Se ha levantado temprano, se ha dado una ducha rápida, se ha preparado un café, ha conectado su portátil, le ha echado una ojeada a las portadas de los diarios digitales, ha leído su correo electrónico, ha mandado un par de SMS y se ha dado una vuelta por Facebook. Ha revisado su cámara de fotos, ha cambiado la tarjeta, ha sustituido la batería y ha guardado en la bolsa los recambios. No duerme mucho porque le tira la calle por las noches y porque lleva una temporada nervioso, más acuciante que nunca la preocupación por el futuro.

Tiene 27 años, una familia más o menos estructurada, una carrera y un máster. Ha vivido fuera de España, primero con una beca Erasmus y luego viajando con casi nada. Domina el inglés. Tiene unos 2.000 euros, un buen equipo de fotografía y muchas ganas, aunque la cosa está cada día está más fea y le toca patear la ciudad de acá para allá rastreando la ocasión: la imagen de la noticia. Conoce a muchos periodistas gráficos, la mayoría en paro, compañeros que se buscan la vida y apenas la encuentran, cada vez más desorientados, sumidos en una frustración prematura. Él tiene una ambición profesional que le empuja a husmear, a estar alerta y a alimentar la curiosidad al tiempo que conserva un sentido del compromiso que se encendió en la universidad y que le lleva a disparar su cámara como quien sella un atestado de la realidad. Cada vez está más cabreado y tiene menos fe. Es un buen chico. Cuando ha salido a la calle esta mañana, cámara al cuello, ha fotografiado un edificio en obras donde no trabajaba ni un alma, una calle levantada por las piquetas, que llenaban de polvo todo alrededor, una protesta laboral en la que ondeaban banderas sindicales. También ha hecho fotos a algunas personas que no se han dado cuenta. Ha caminado bastante, concentrado en ese devenir de imágenes posibles, desechadas, perdidas, halladas por un pelo. Se excita con lo que ve y con lo que aún no ha encontrado.
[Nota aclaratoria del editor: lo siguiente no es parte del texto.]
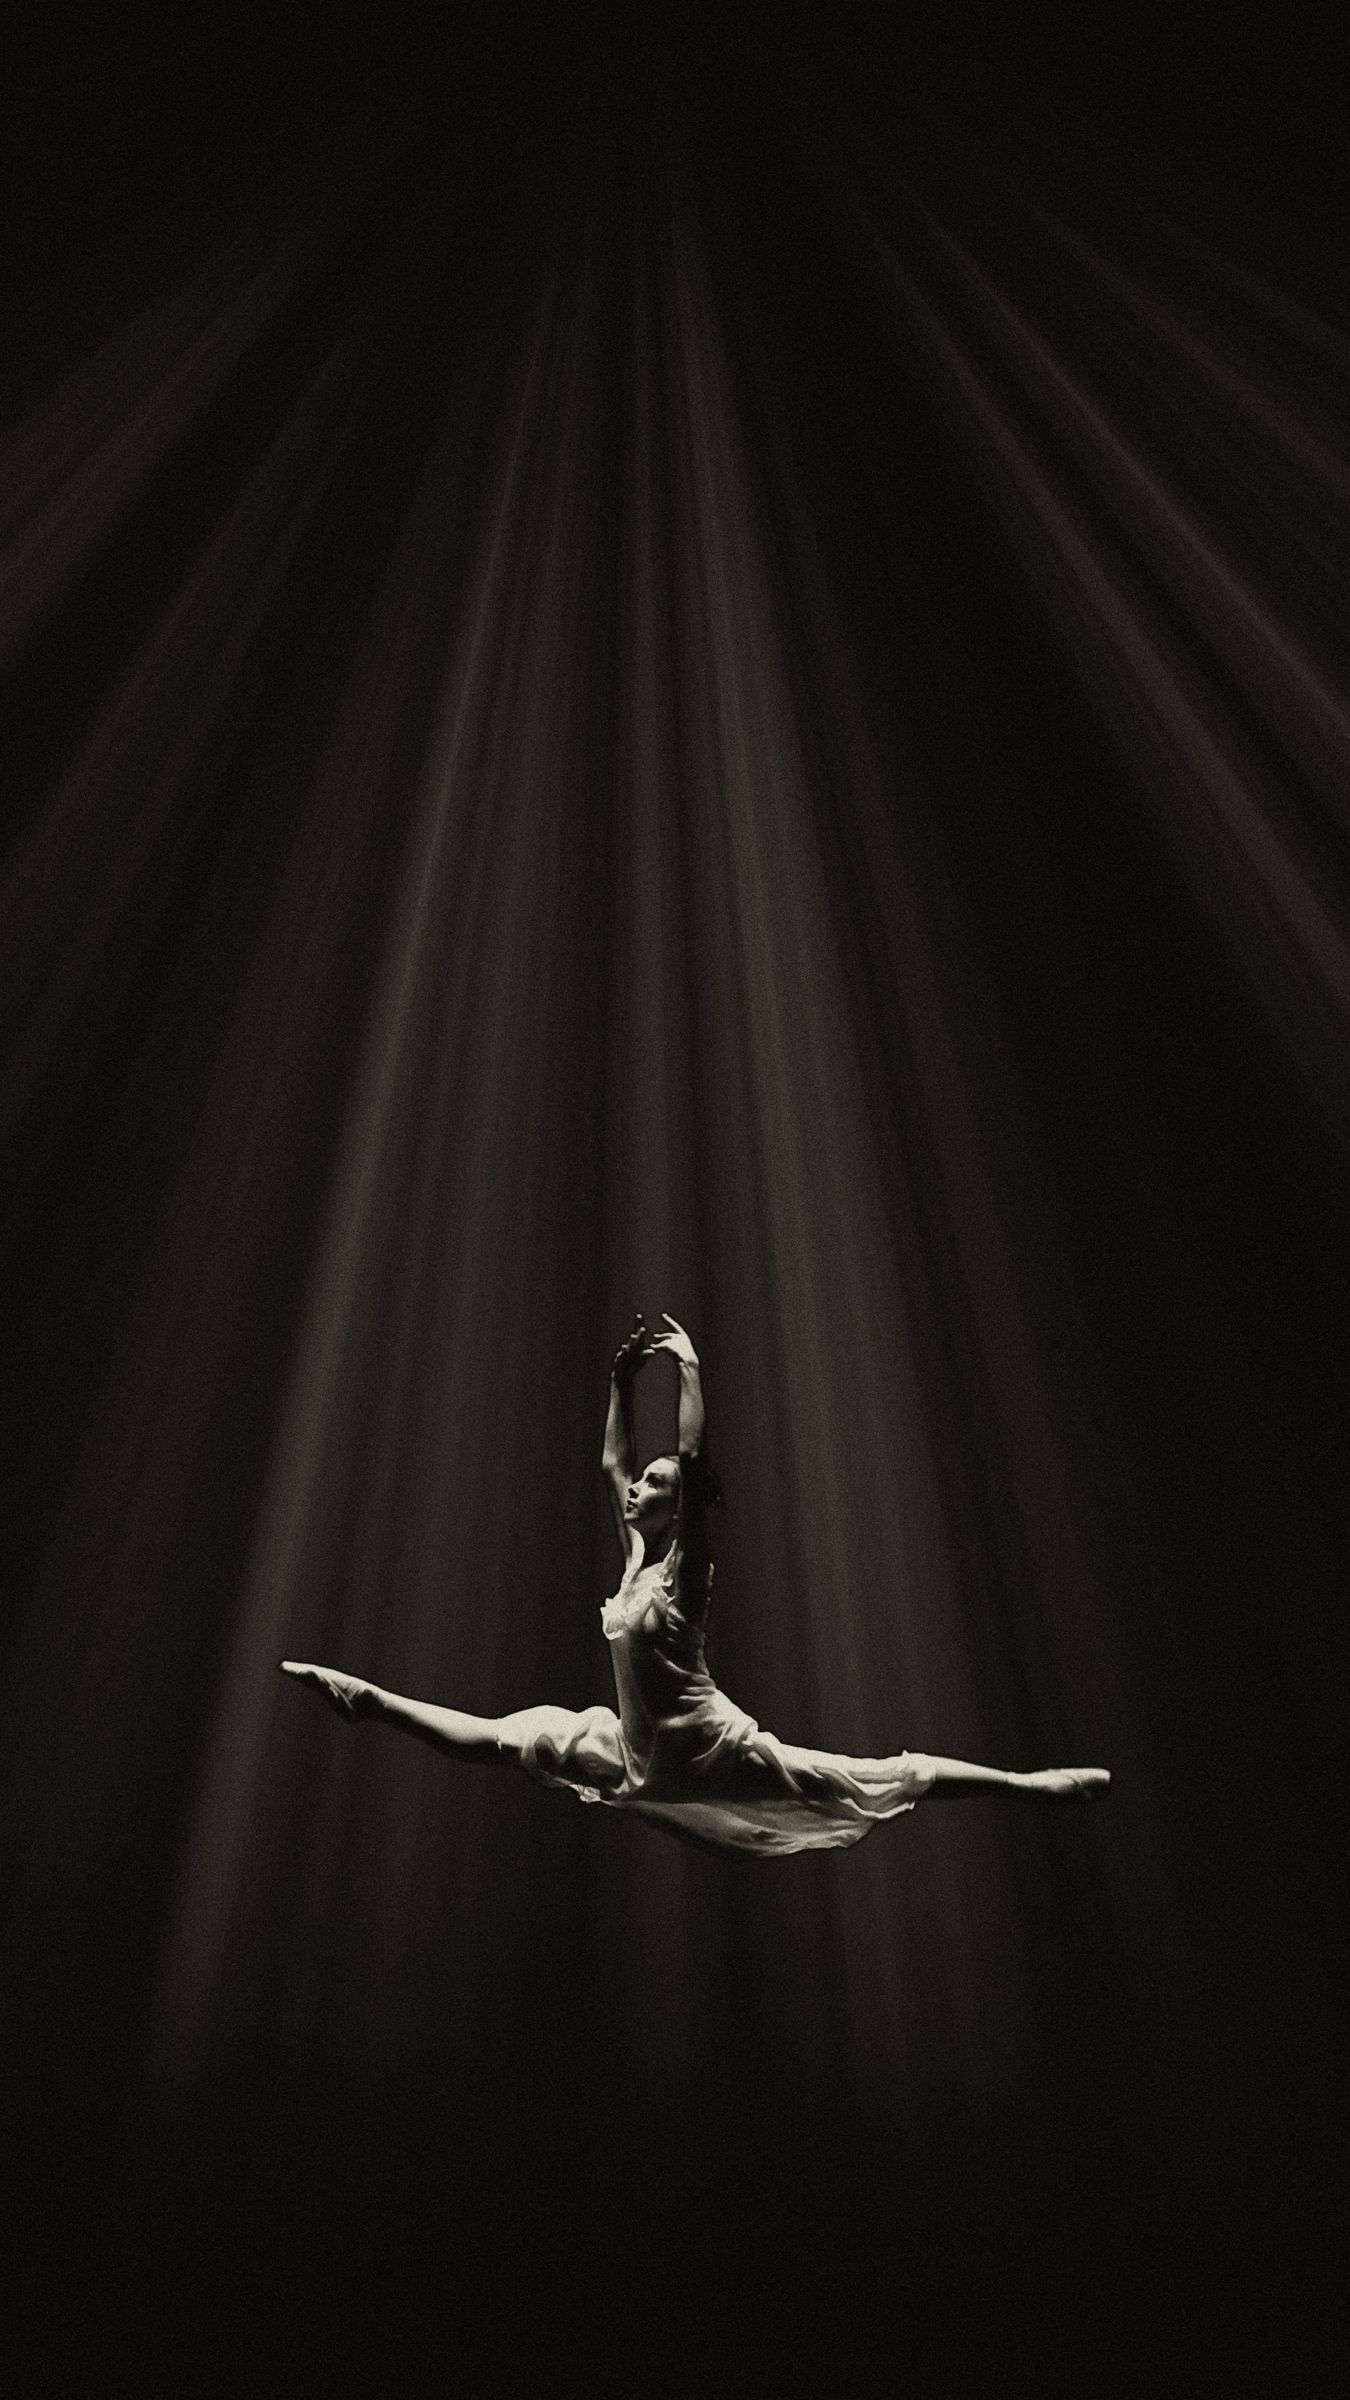 Wallpaper Ballerina Ballet Dance Bw Flight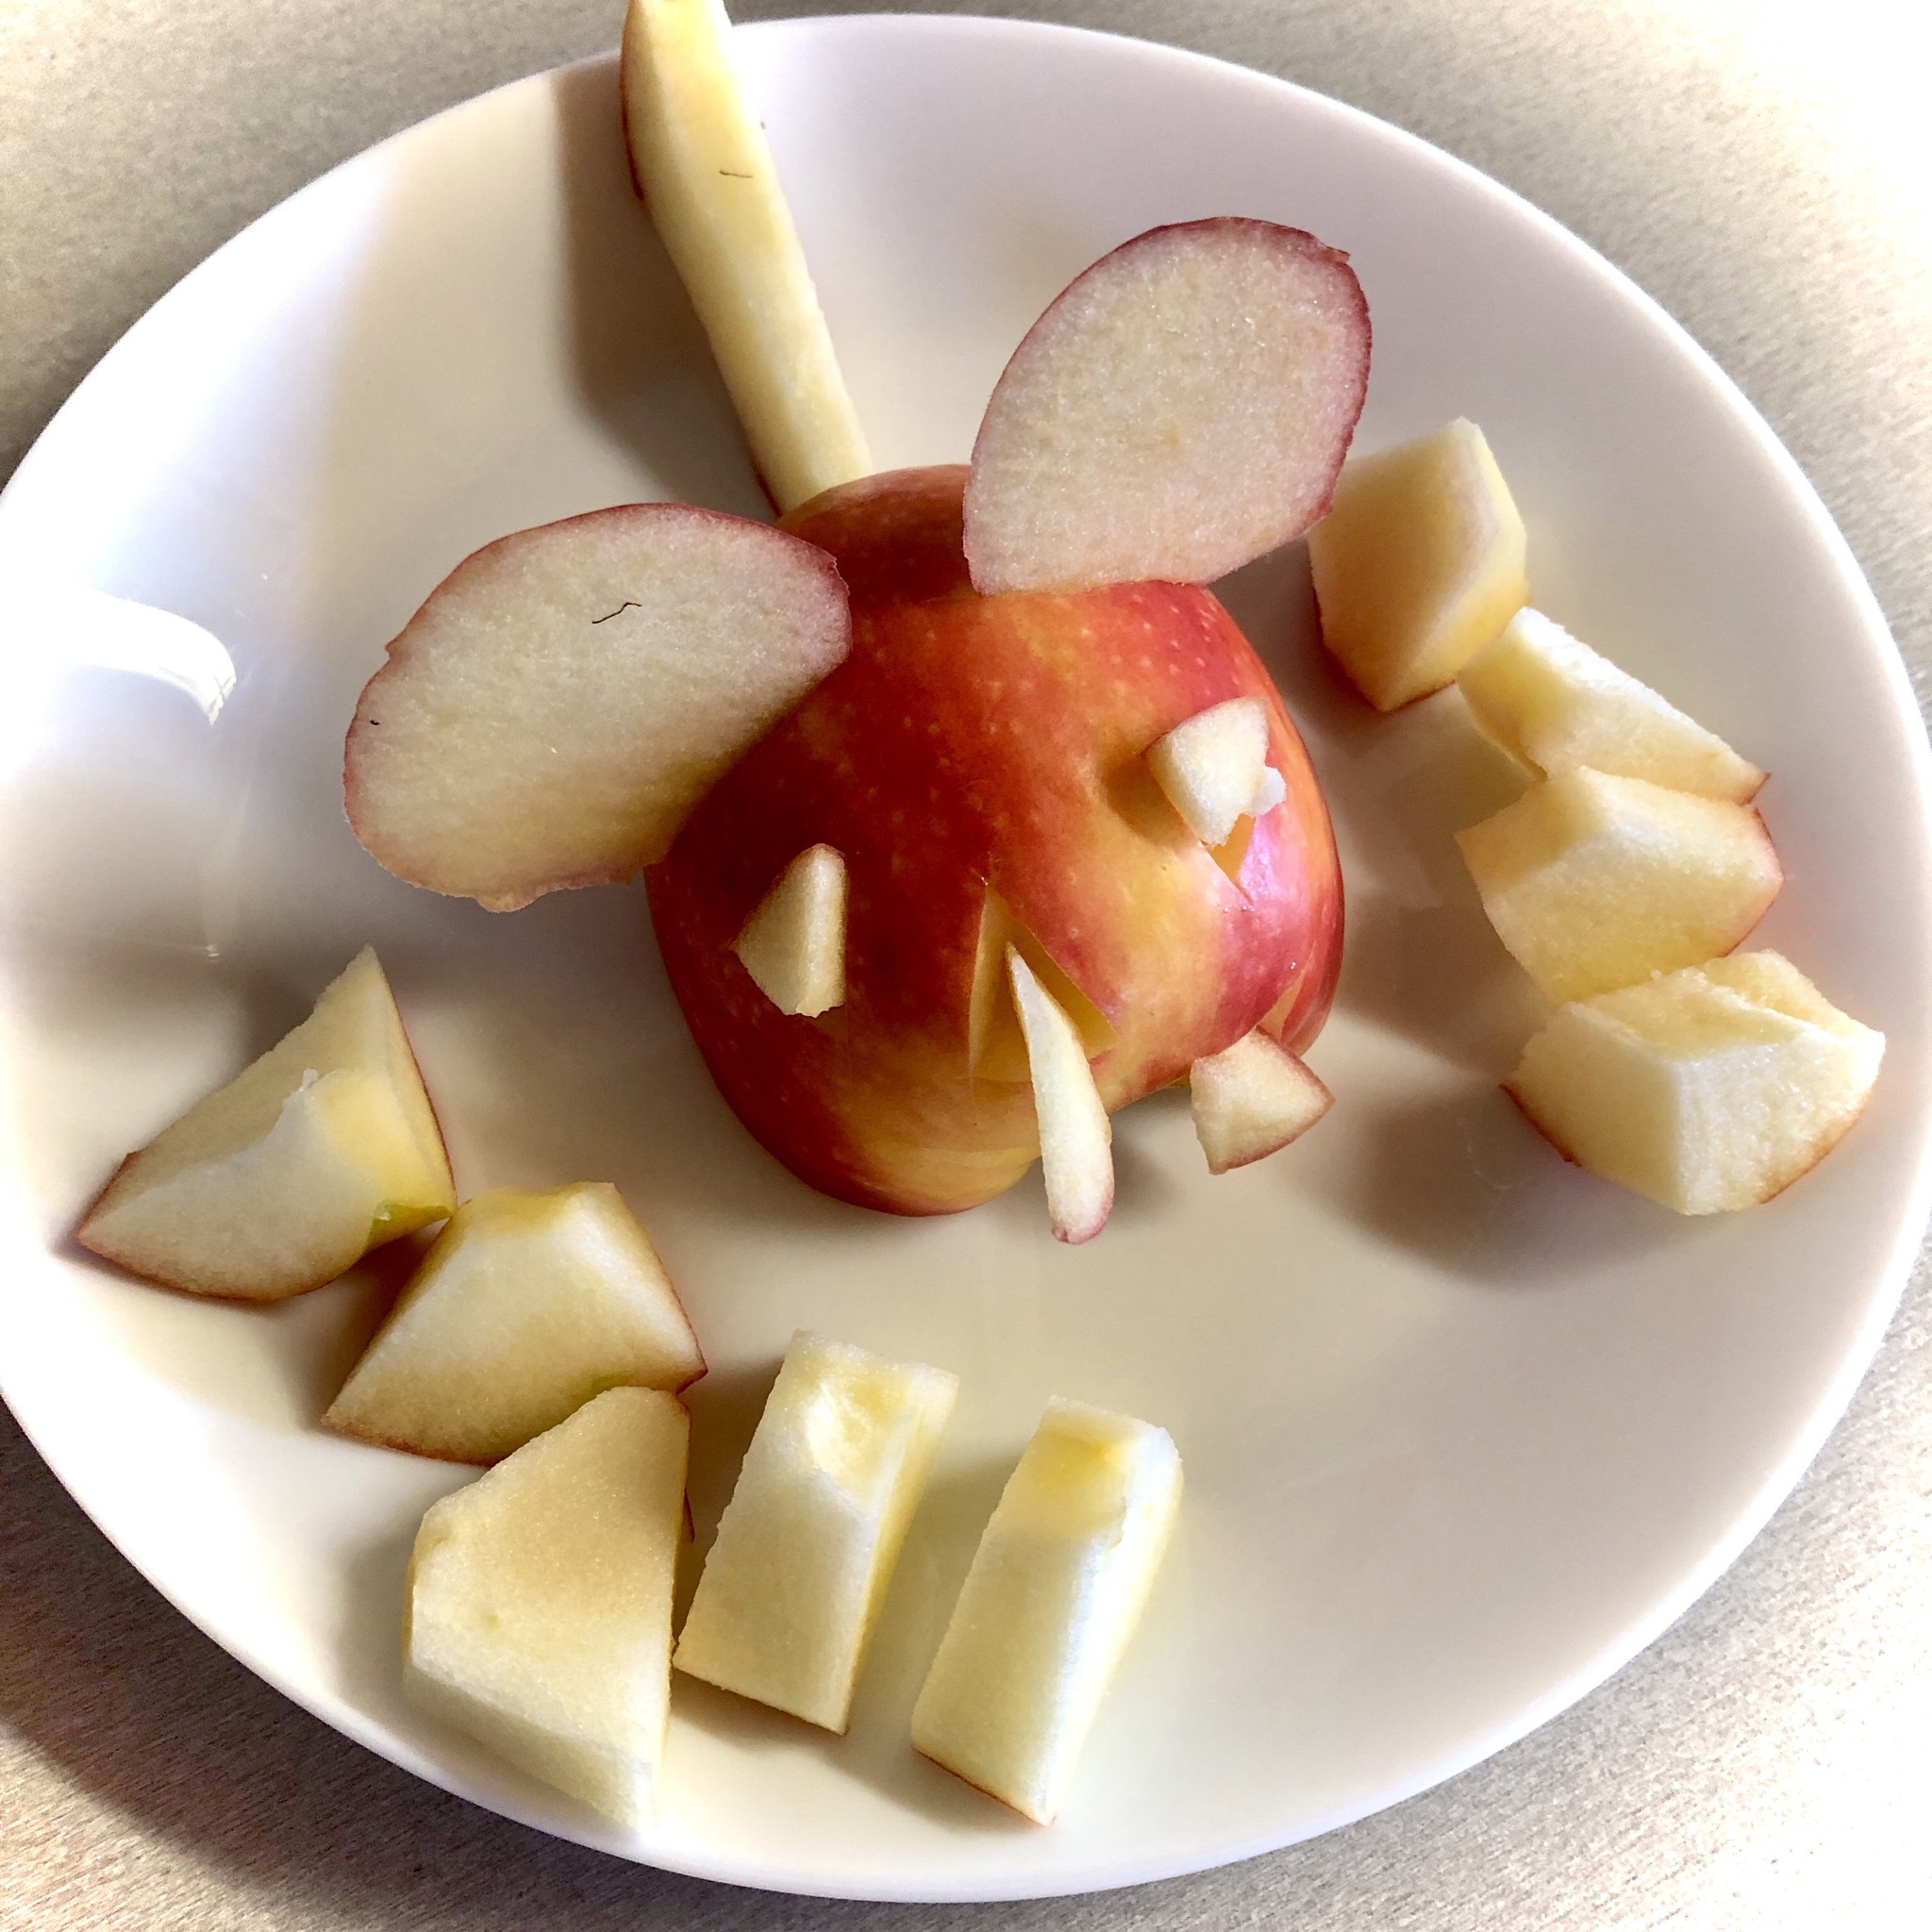 Bild zum Schritt 16 für das Bastel- und DIY-Abenteuer für Kinder: 'Aus den restlichen Apfelteilen werden kleine Stücke geschnitten und um...'

Al oír gritos echa a correr y se acerca a un grupo en el que destacan varios policías. Ve cómo uno de ellos sujeta con fuerza el brazo de un chico negro. Dispara su cámara. Ve cómo le zarandea. Dispara. Ve cómo le grita. Dispara. Ve cómo el chico negro no opone resistencia, su gesto entre orgulloso y aterrorizado. Dispara. Ve cómo cae al suelo y otro policía se abalanza sobre él, agarra su cámara y le grita y le zarandea y él se resiste e intenta protegerse. Cae al suelo también. Ahí abajo, a esa altura, la del abuso de autoridad, se encuentra con los ojos del chico negro. No parpadea. Esa mirada es todo lo que quisiera disparar con su cámara, pero aquel policía ya se la ha arrebatado. Recuerda las historias que ha leído sobre la represión del ejercicio de su profesión, las que le han contado sobre otros tiempos y otros lugares, algunas lecciones que estudió en la facultad, algunas de esas palabras principales en su educación, como justicia, democracia, libertad. Parpadea.